There are parts of the violence against women agenda, (and indeed the domestic abuse agenda), that are not devolved.   We will therefore continue to work with the UK Government on these issues and we will be examining carefully any of the proposals that emerge from their consultation and the relevance for our Welsh action plan. In particular we will continue to work with Whitehall on matters such as honour violence, forced marriage and female genital mutilation.   The Home Office will therefore be attending a workshop that we are organising in Newport on 10 March to ensure that the views of Welsh stakeholders are reflected in their consultation. I hope it is clear from this that Wales is not, in any way “opting out” of the UK government consultation on examining the need for a violence against women strategy.

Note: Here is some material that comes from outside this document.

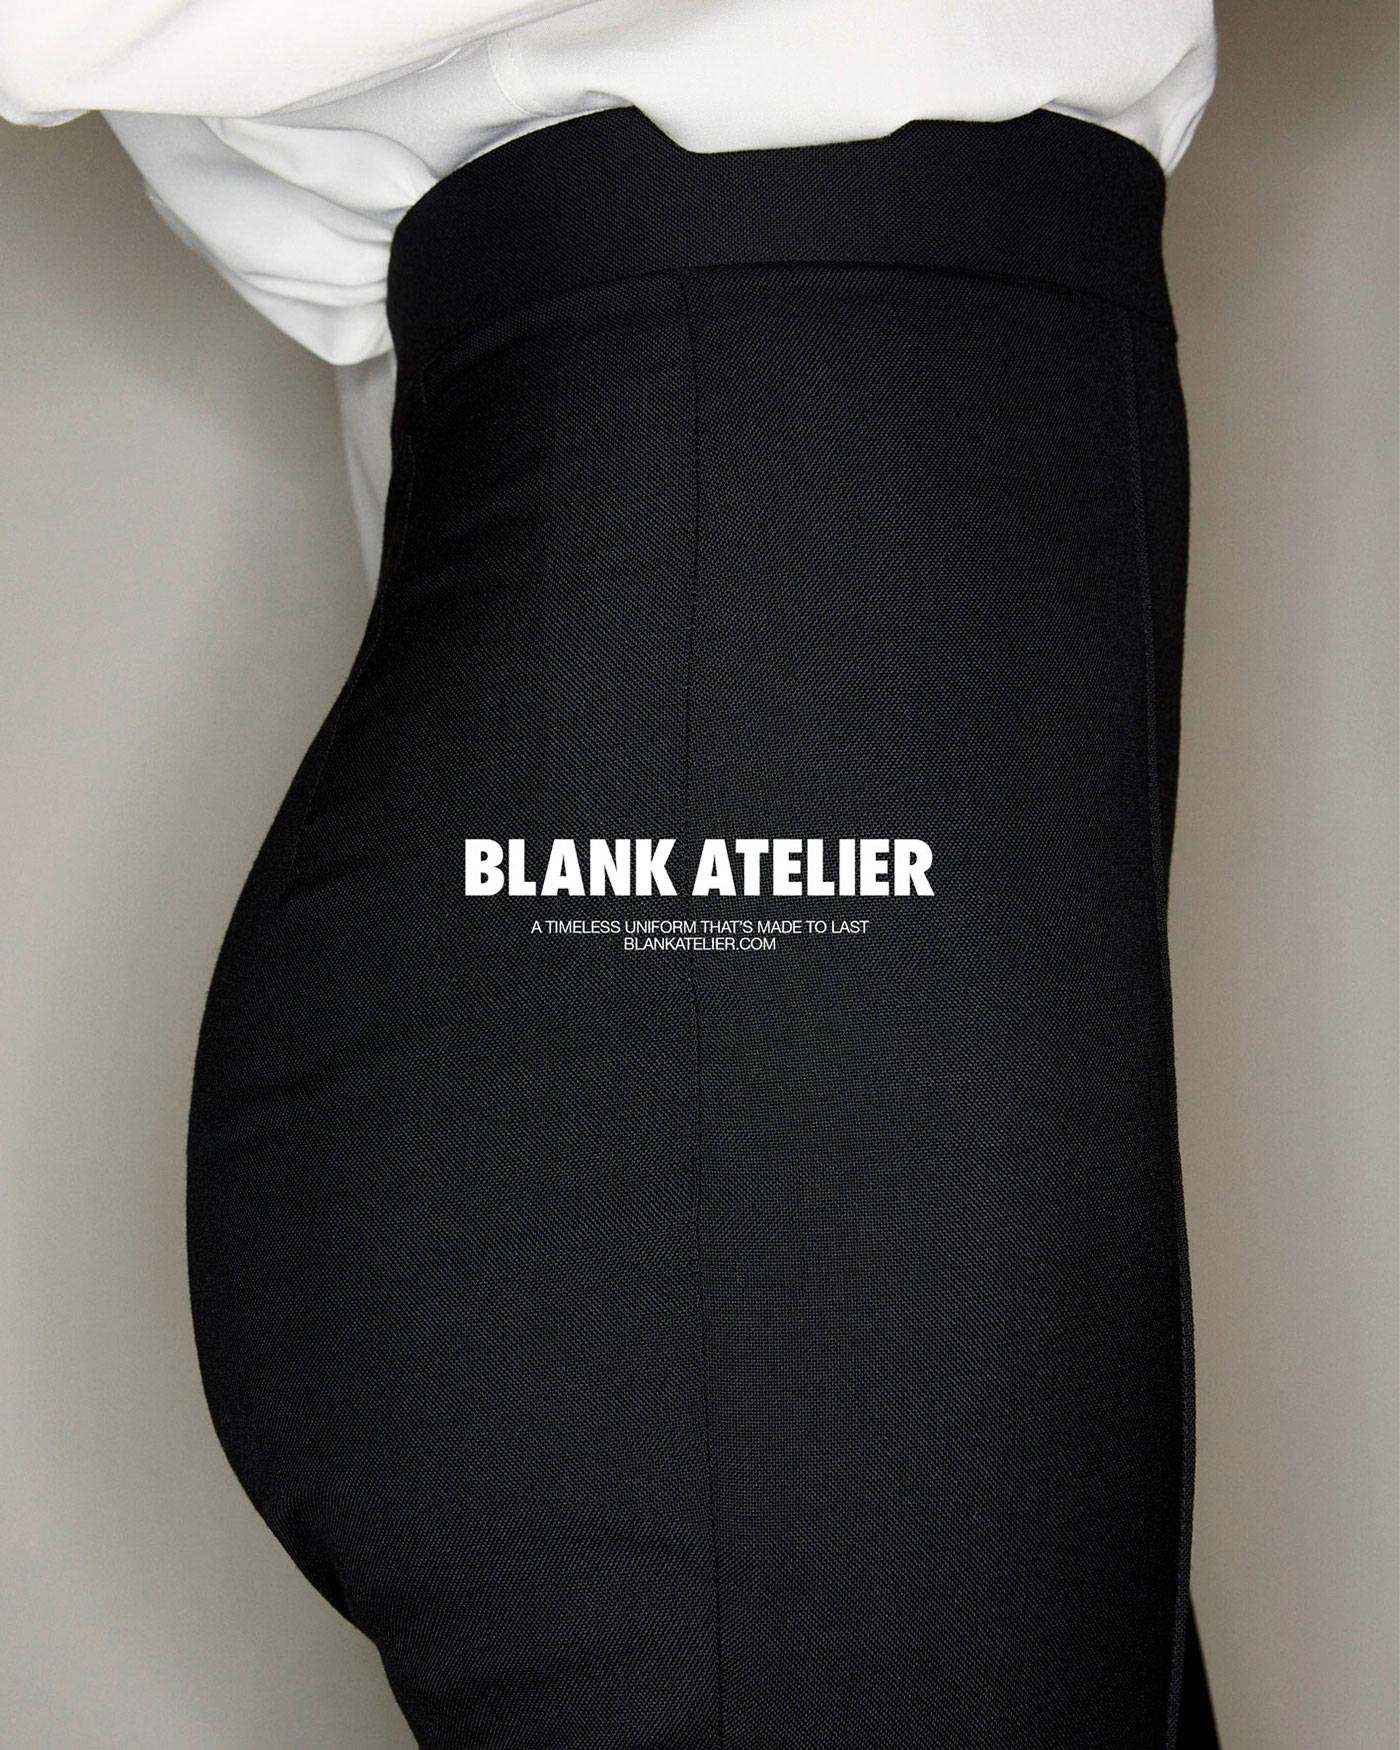 Blank Atelier – Campaign AD

I would also like to take this opportunity to set the record straight in respect of the recently published Map of Gaps 2 report.  The report acknowledges the good work taking place in Wales and this is borne out by an analysis of the data. In many respects services in Wales are more developed than in either Scotland or England. Given that the report is explicitly about “gaps in services” its focus was obviously not concentrated on the progress that has been made in Wales in tackling domestic abuse and violence against women. As well, the report is not fully up to date in respect of Wales in a number of instances, and these discrepancies have been drawn to the attention of the Equalities and Human Rights Commission.